Wednesday, May 7, 2008

Dreamfall: The Longest Rollercoaster

Dreamfall: The Longest Journey
Adventure, PC
Funcom, 2006

A little background detailing my experience with this franchise is in order. I bought The Longest Journey a few years or so after it released. Dabbling in some of the shining gems of Lucasarts' golden years put me on an adventure game high. And suddenly, out comes this critically acclaimed adventure game completely bombing at retail. So perhaps the purchase was motivated by sympathy. Regardless, I brought the game home and used its half a dozen CD's to place its, then rather unwieldy, 1GB girth onto my, then considered small, 20GB hard drive.

I ended up falling in love with the storyline. Now don't get me wrong, the game had its flaws. For one, it had atrocious graphics. It also happened to follow the adventure game nomenclature of oftentimes ridiculous puzzle solutions. Not as bad as the worst in the genre, but enough to give me reason to stop playing the game for short periods. Despite how hard it was on my eyes and mind, I soldiered on and the game found it way into a special soft spot in my heart.

Playing Dreamfall has really convinced me game reviews need to move away from scores. I know that'll probably never happen, considering how much people like immediate satisfaction. People like those numerical symbols that categorize games as either perfect or trash. It really is easier to glance at a score than to read paragraph after paragraph of this... text-stuff.

Despite scoring a "dismal" 75 on Metacritic, I managed to enjoy Dreamfall. Shocking, I know. How can someone enjoy a FLAWED game? As a certain Escapist employed, Australian, comedy internet videogame reviewer put it, "I don't believe in complex opinion being represented numerically."

If I could quantify enjoyment(something I honestly am not going to do here) I'd probably rate this game more than a 75. Maybe an 90 or so(OK, I just did it, sorry). But wait a 90 doesn't reflect the game's flaws at all. I could say that it gets a 60 animation wise. It gets a 40 for its premature action and stealth sequences. But if you want to talk production values, the art direction probably gets an 90 - and so on and so on until we've compiled a big list of numbers. We can then average those numbers into one arbitrary, bigger number everyone can glance at while they ignore everything I'm typing here.

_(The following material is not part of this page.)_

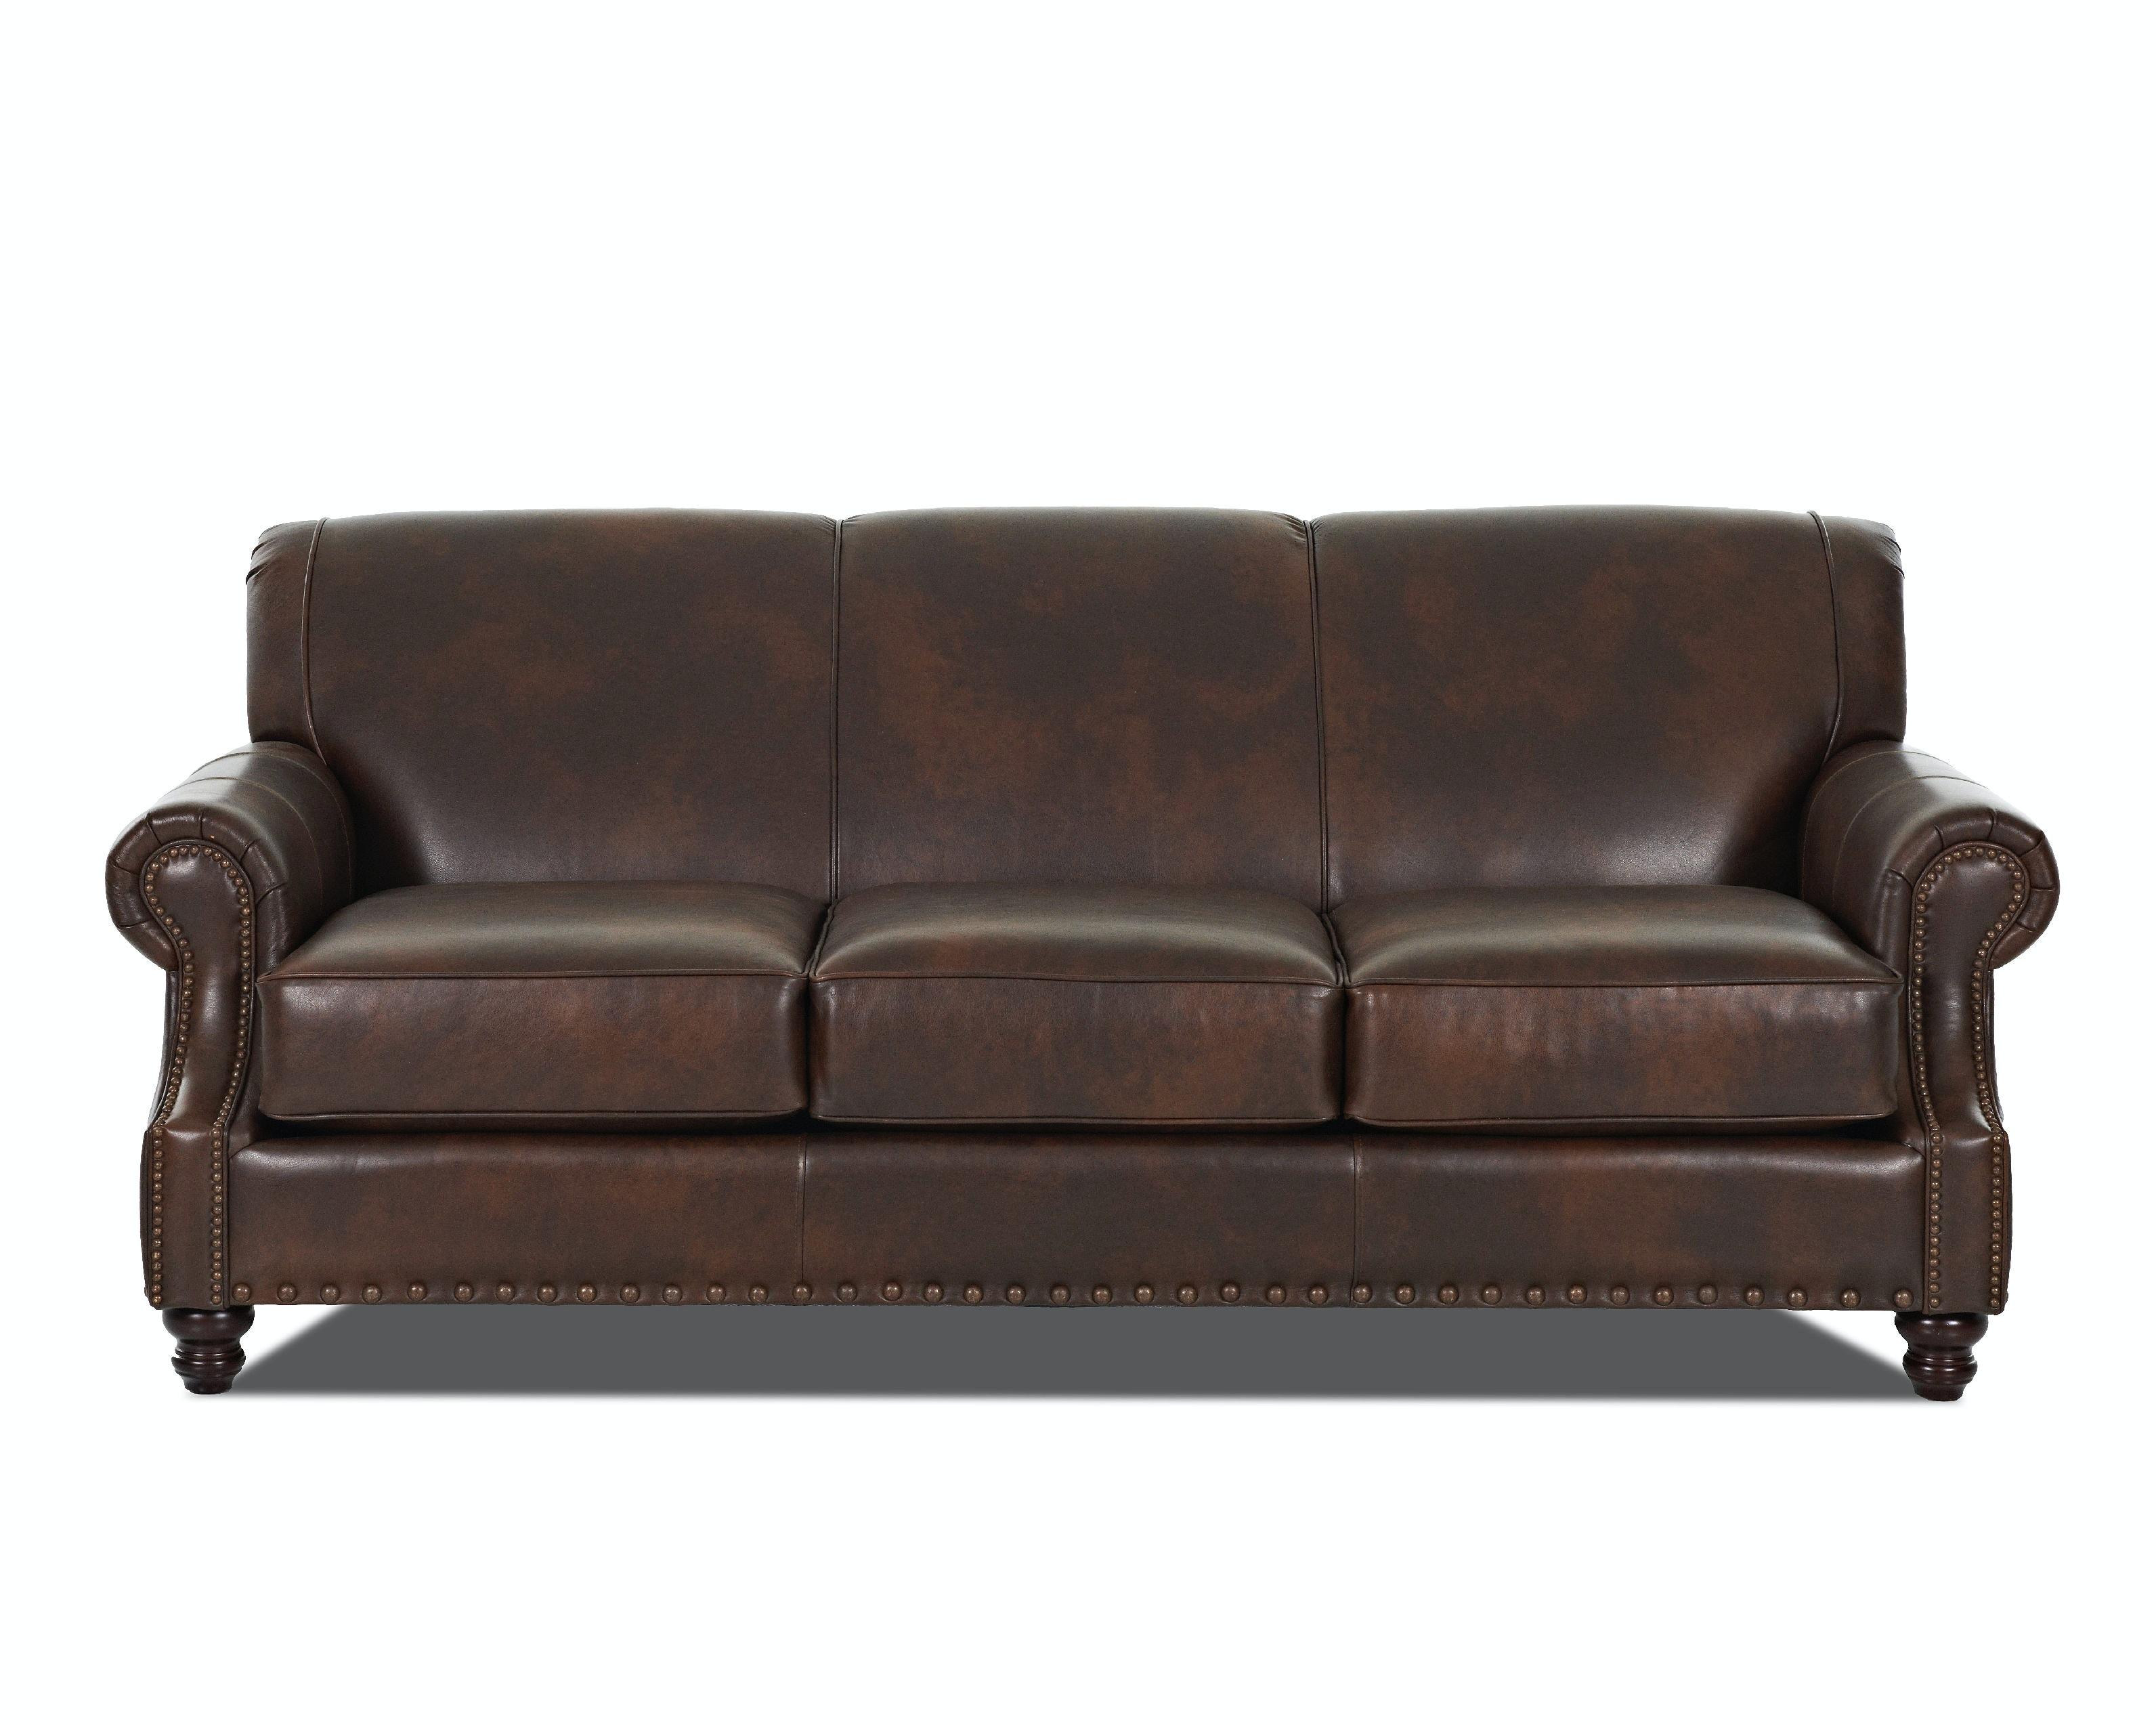 Klaussner Living Room Fremont LTD30410 S - Hanks Fine Furniture - Bentonville, AR, Conway, AR ...

I'm sure I can overlook the fact that they forgot to hire a professional 3D animator if the gameplay is fun. I mean, that's what games are all about. Except the game plays like it's trying to single handedly appeal to both modern gamers with preferences for action games, and console gamers that need simplified controls. Feats that would easily revolutionize the adventure game genre. Unfortunately our friends over at Funcom just don't seem to have the talent.

I've spent a good part of this post bashing the game so let's not forget that I like Dreamfall. At this point I give my friends permission to bash me endlessly for my hypocrisy. I've don't like those JRPG, "SQUEE-NIX" things they worship so much. Stop playing your interactive movie/novels with tacked on turn based combat and convoluted storylines about spikey-haired emo kids saving the world!

I think it's all a misuse of the medium. JRPG's seem to maintain a minimal amount of interaction between the player and the narrative being spewed forth by endless, controller dropping, "let's go make a sandwhich" cinematics.

Yet here we are. You've all caught me red handed playing a game just for the storyline. I admit it. I'm closing my eyes and covering my ears and screaming "lalala" through every stunted action and stealth sequence so I can watch emo girls whine about having no purpose in life. Then save the world.

The storyline really isn't that bad. It's like Sci-Fi and fantasy at the same time. It'll gel with anyone who's ever done some soul searching. The characters are lovable. I just really hope Funcom isn't so occupied with Age of Conan that they forget Dreamfall: Chapters.